As my noble friend Lady Smith of Malvern said, legal migration is people who come to university, who come to create jobs and who bring skills to this country. We need that managed migration, and to ensure that illegal migration is cracked down on. That is the objective of the Government: to ensure that we have a sensible net migration target that we can control, at the same time as making sure that illegal migration and the criminal gangs that exploit people are tackled. This will be a difficult process—nobody said it is easy—but border control and border command have focused us on doing that. We will take action to ensure that we use migration for the benefit of the UK economy.
(9 months, 3 weeks ago)
Lords ChamberMy Lords, I will speak very briefly about one issue that has not been covered in our debate so far—or, as far as I know, in this House for many years. I put it to your Lordships that our country now faces its most serious challenge for nearly a century, yet nobody seems to be willing to discuss it. I refer to the sheer scale of current immigration and its implications for the future scale and nature of our society.
Over the past 20 years, the UK population has grown by 8 million. That is roughly eight times the population of Birmingham. Some 85% of that growth has been due to the arrival of migrants and their subsequent children. As a result, the ethnic proportion of our population is now already 21%. Recent Conservative manifestos for 2010, 2015 and 2017 all promised to get net migration down to tens of thousands. In 2019, the manifesto promised that
“overall numbers will come down”.
What actually happened? Despite all those commitments, we now face by far the highest levels of net migration in modern history. The total for the last two calendar years taken together was nearly 1.5 million. That outcome is no accident. It results from specific decisions by the previous Government to cave in to pressure groups such as universities and the care sector. That is the result, and it has not yet been tackled.

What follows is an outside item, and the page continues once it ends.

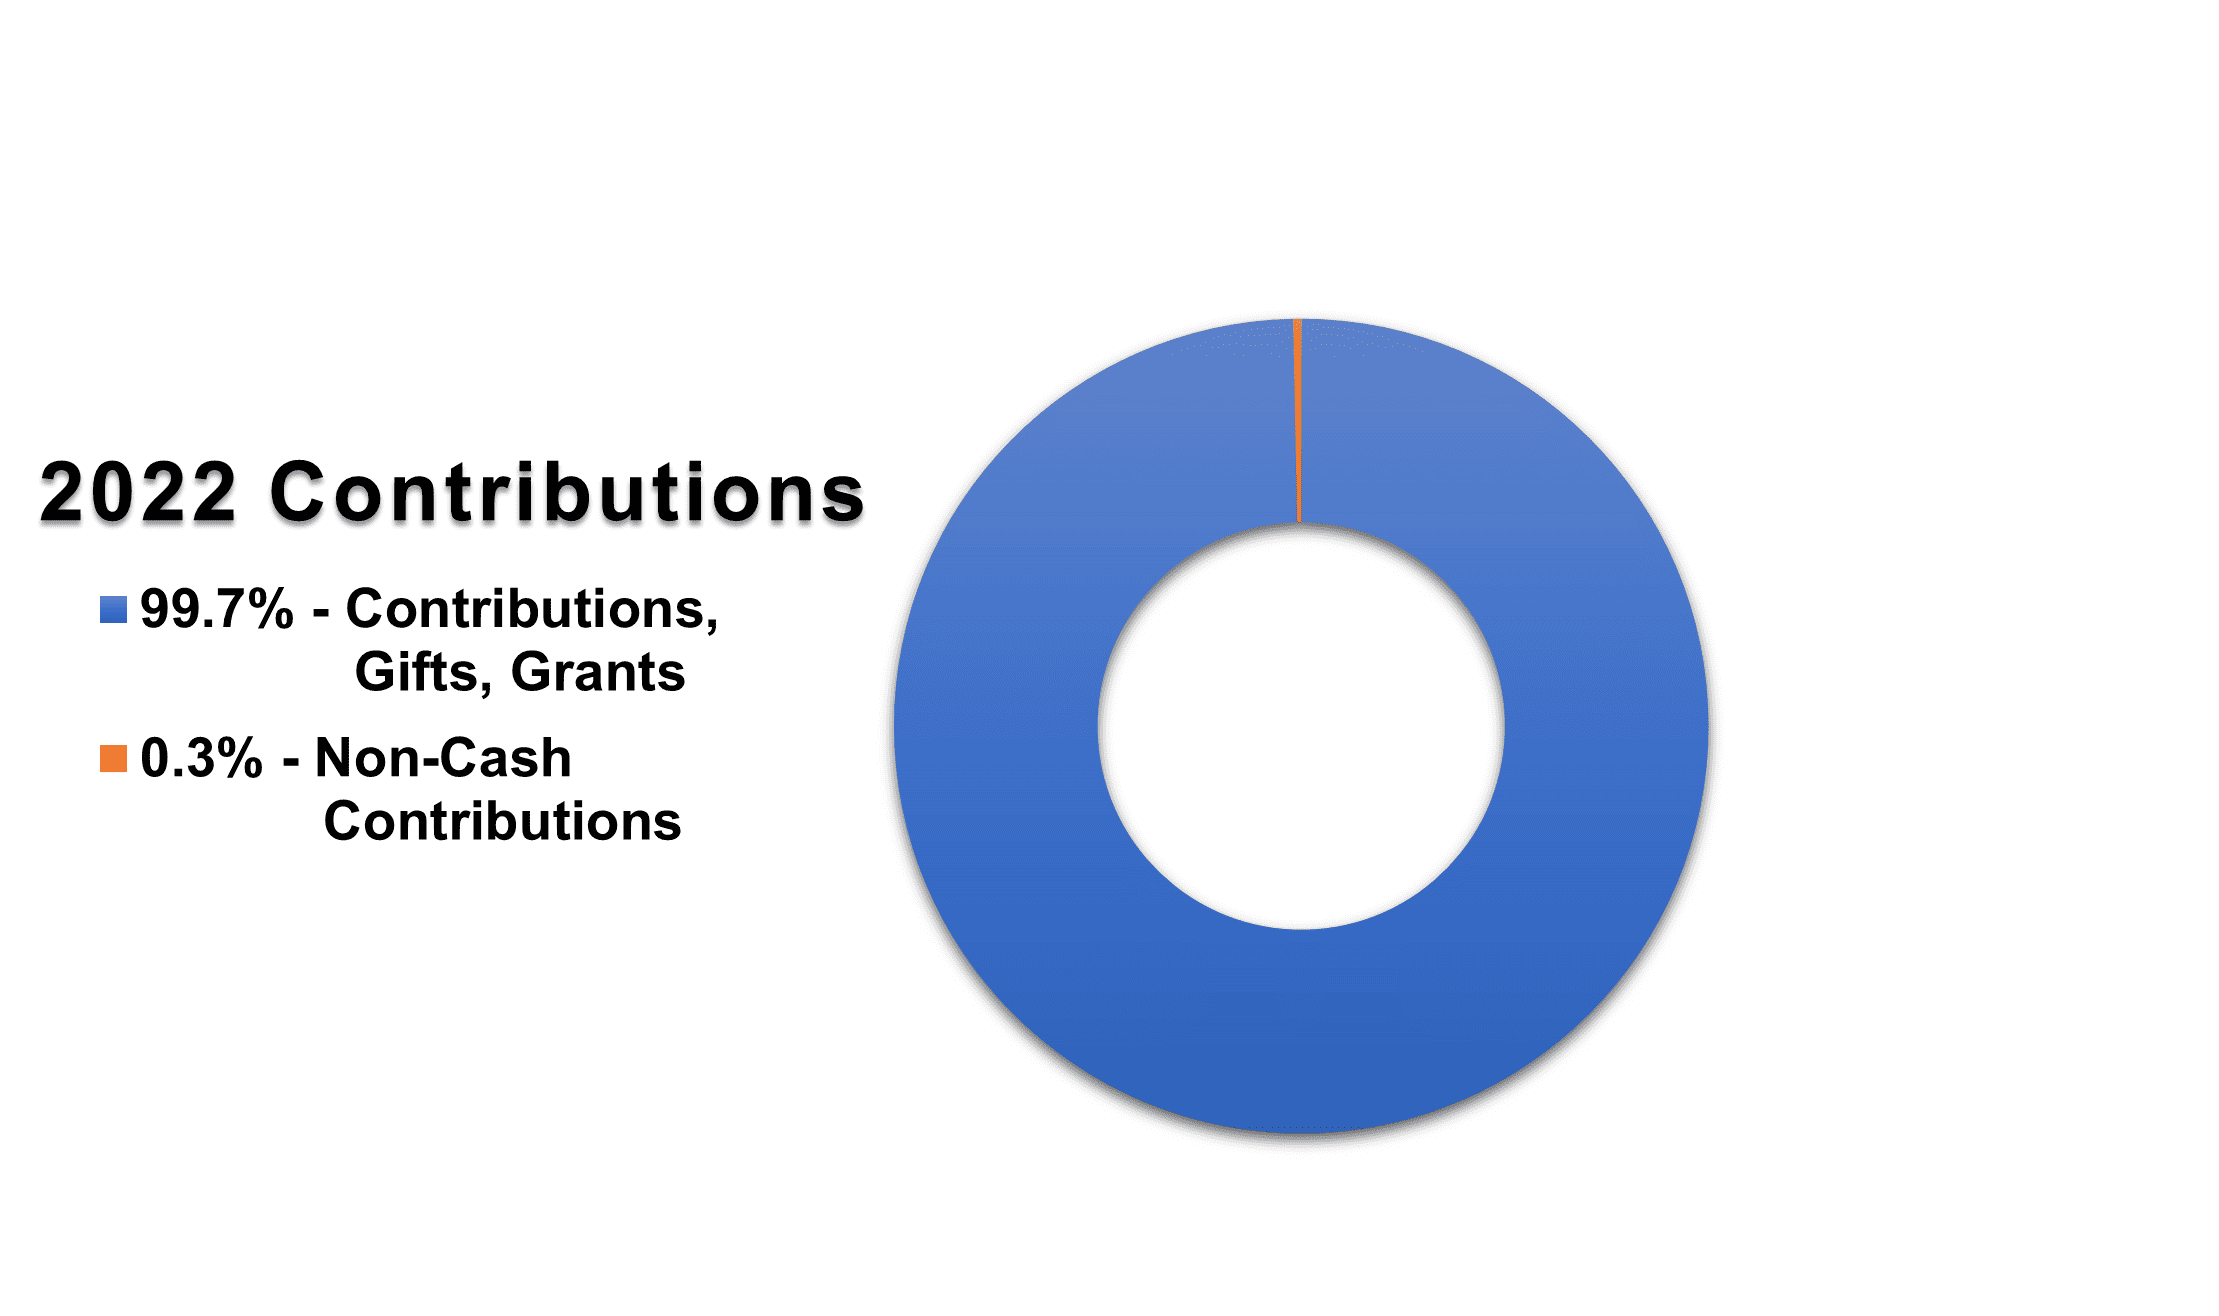 Contributions

The response of the new Labour Government has so far been non-committal. There are no serious measures to reduce net migration and no targets have been set. Instead, Labour has focused on asylum, which accounts for less than one 1/10th of the overall net inflow. Even if Labour was able to achieve a reduction in net migration, let us say to 350,000 a year—about a third of the present level—the population of the UK would increase by 9 million by the mid-2040s. That is roughly the population of London. The impact on housing and public services will be immense.

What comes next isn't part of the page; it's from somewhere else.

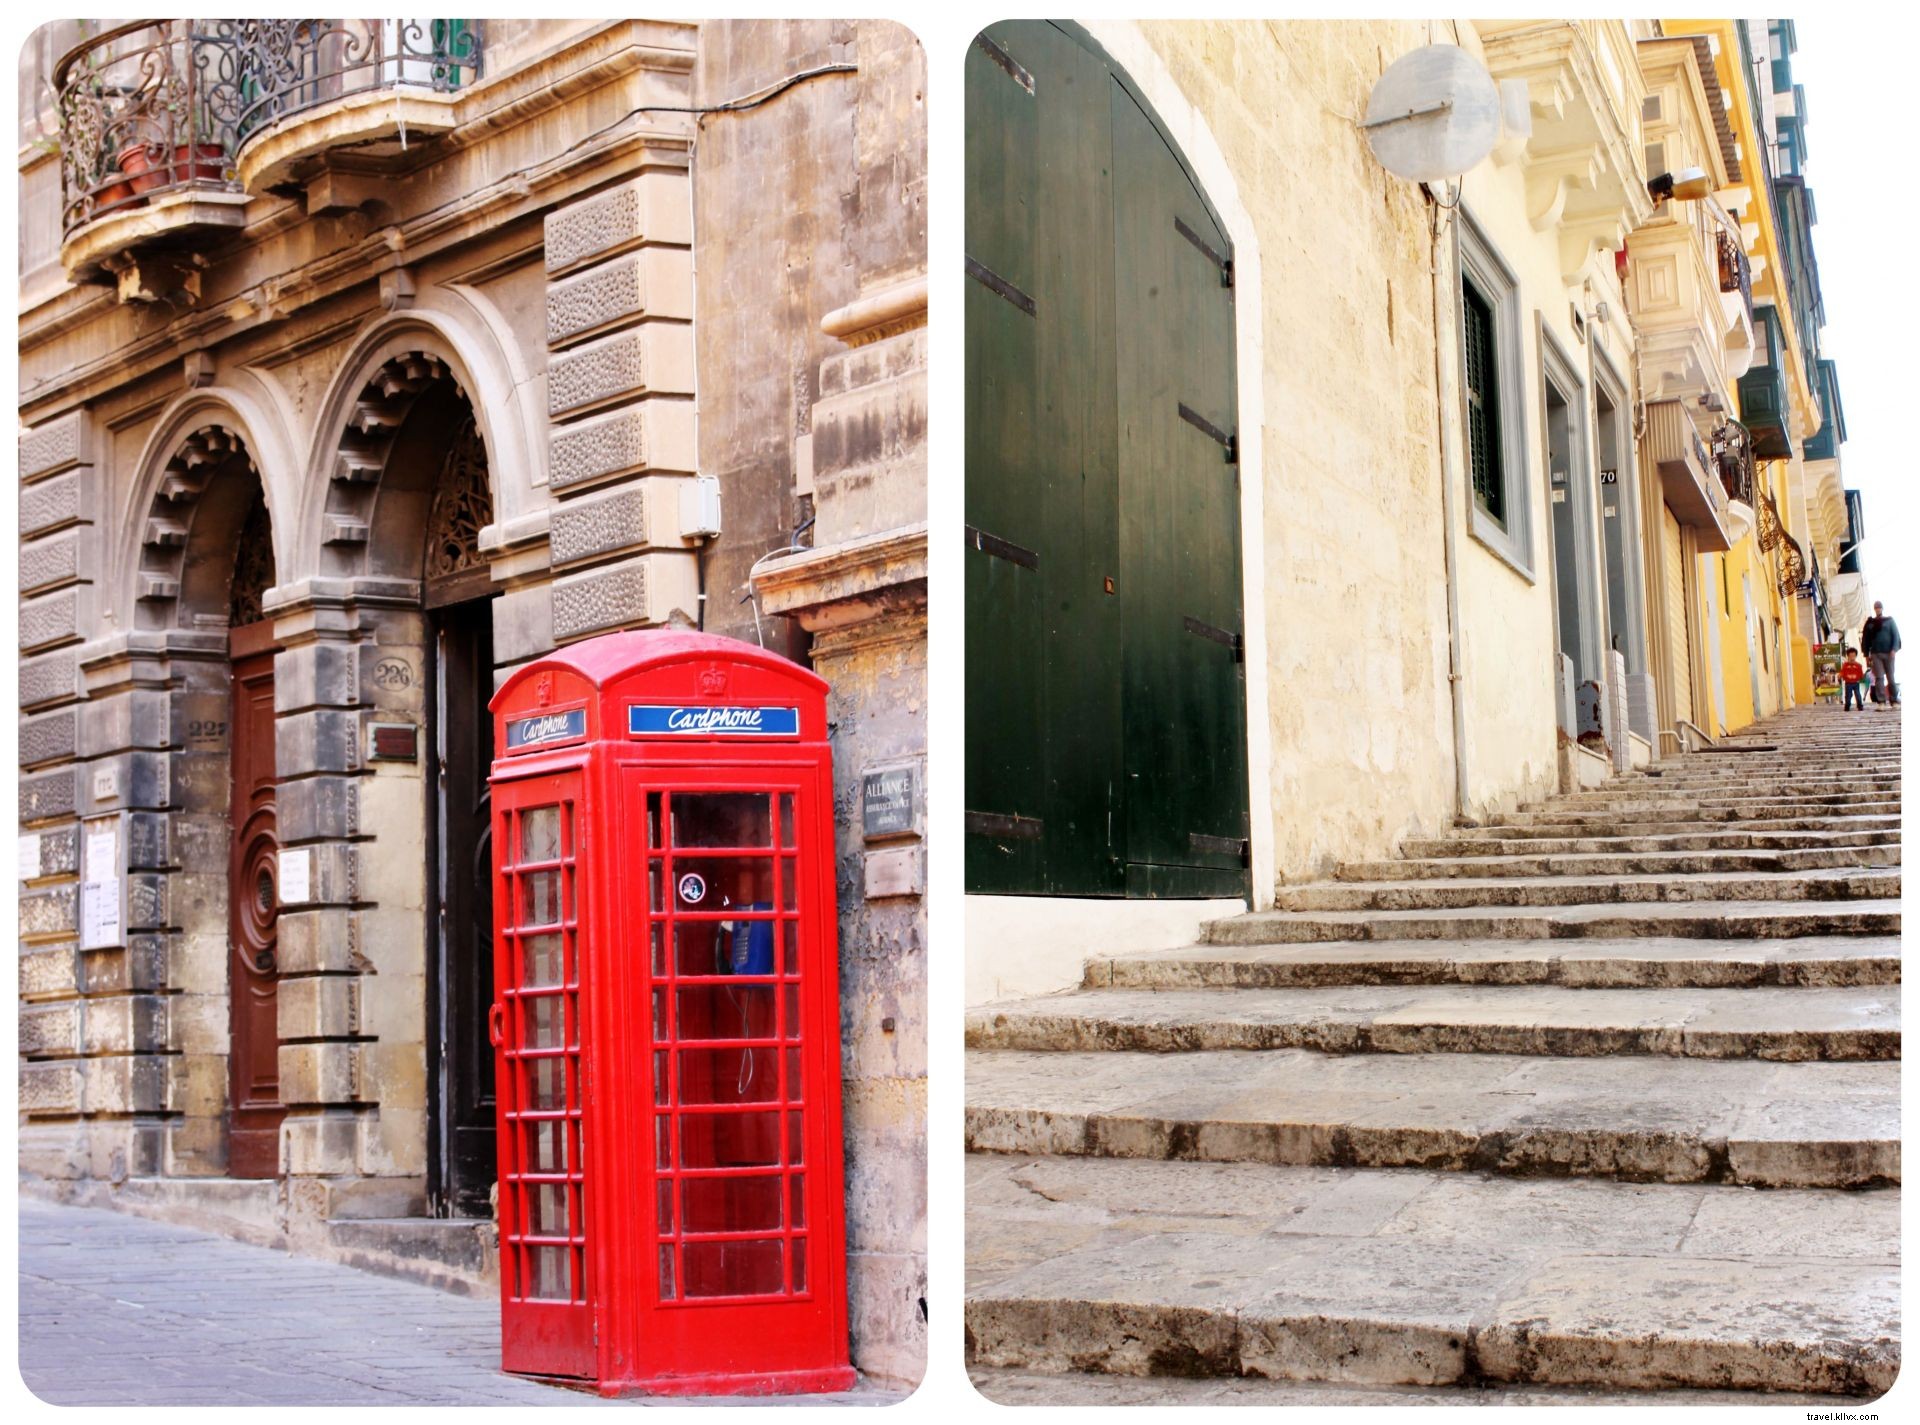 Valletta:a capital mais subestimada da Europa

The social aspects are no less important. Unless the new Government get a firm grip on immigration, it is likely that children born today to an indigenous British couple will find themselves in a minority in our country by the time they reach their late 40s. Yes: a minority in their own country.
Change on such a scale, and against the oft-repeated wishes of the current majority, carries very serious risks for the future stability and cohesion of our society. It is now time for some courageous leadership from our new Government, including a clear commitment to get net migration down as close as possible to 100,000 a year. That is a goal which, as we know from surveys, 80% of the public would favour, including, as the Government must know, many of their own supporters. Action on this barely even addressed matter is essential if really serious difficulties are to be avoided in the future.